» EXERCISE DIRECTIONS: Your answer must be an exact copy of the listing that follows, with all pictures omitted.

» SOURCE MATERIAL:

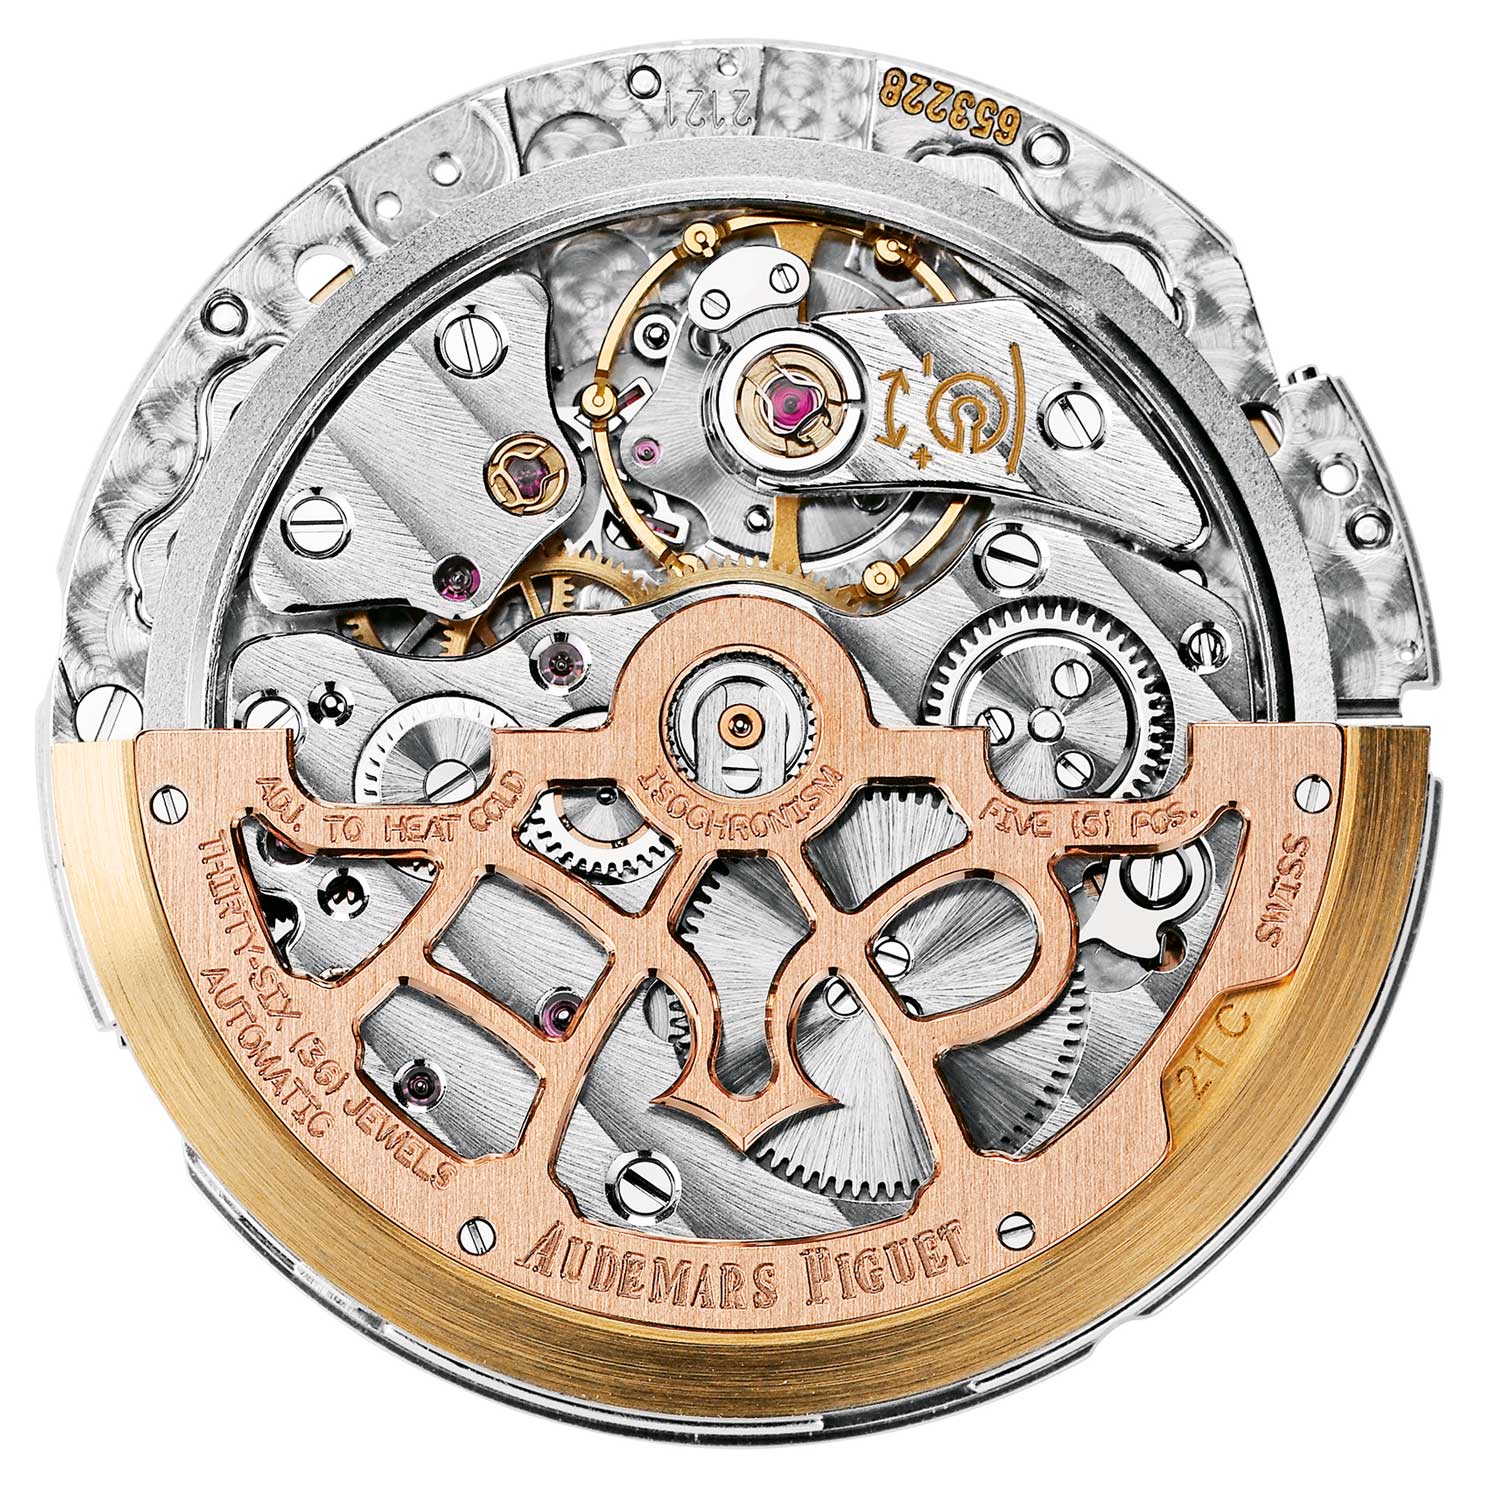 Made exclusively by Audemars Piguet, but based off the Jaeger-LeCoultre caliber 920, is this movement in-house?
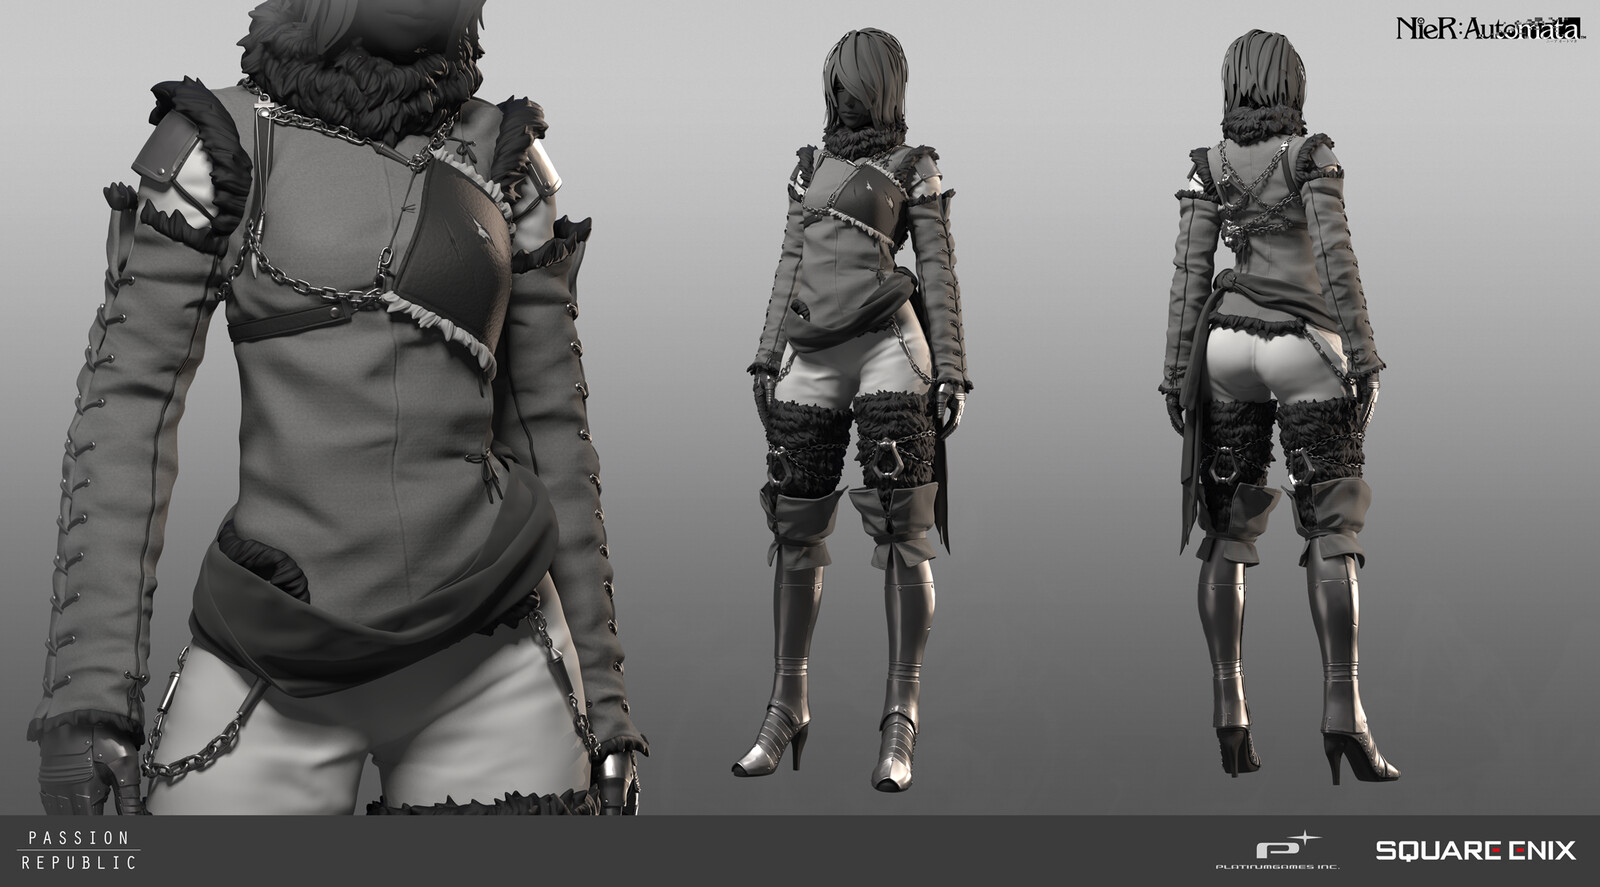 Nier Automata "Destroyer Outfit" for A2.
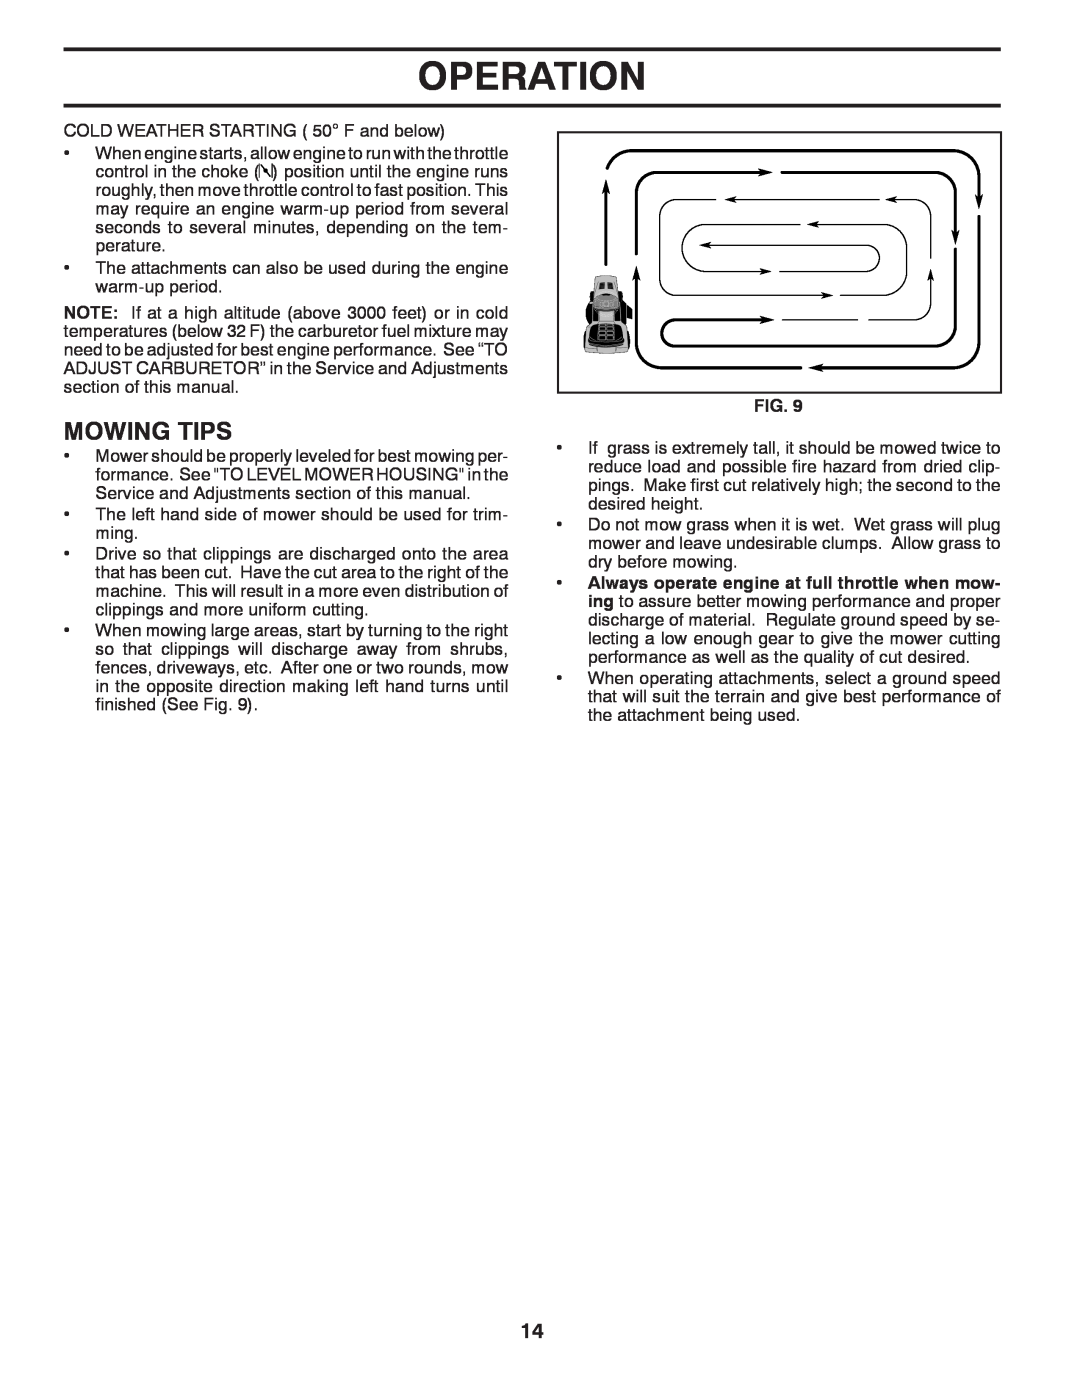 Poulan 96042002400 owner manual Mowing Tips, Operation 
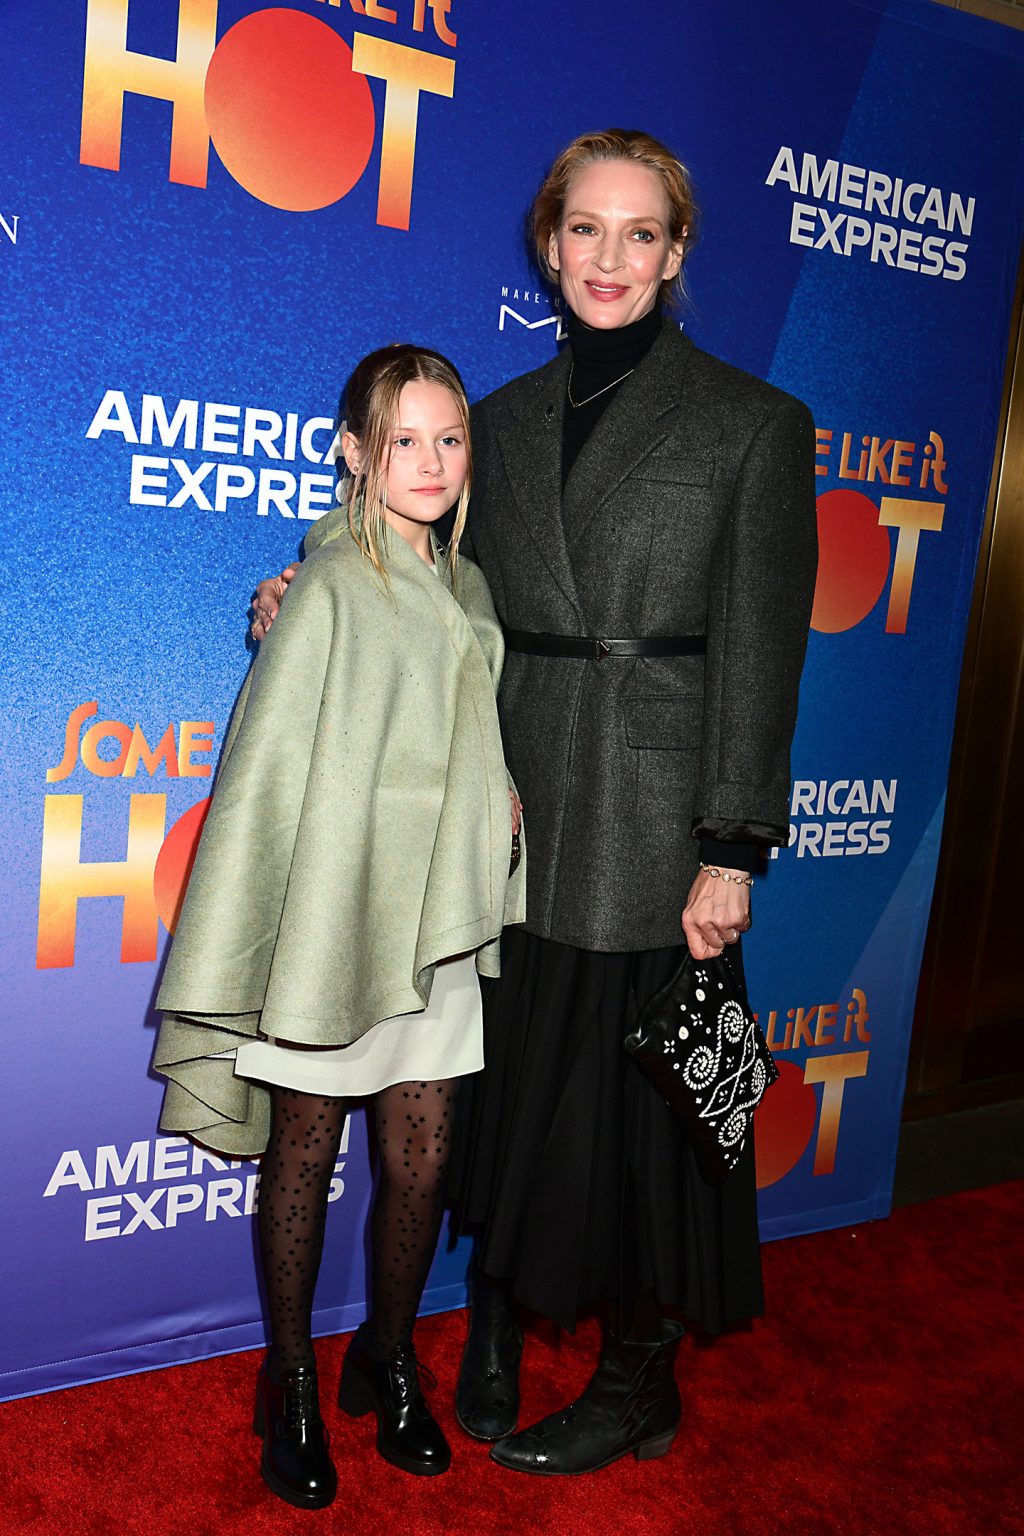 Uma Thurman Finally Showed Public Her 10-year-old Daughter: What the ...

» FINISHED EXERCISE:
 Made exclusively by Audemars Piguet, but based off the Jaeger-LeCoultre caliber 920, is this movement in-house?
 Nier Automata "Destroyer Outfit" for A2.
 Poulan 96042002400 owner manual Mowing Tips, Operation 
 Uma Thurman Finally Showed Public Her 10-year-old Daughter: What the ...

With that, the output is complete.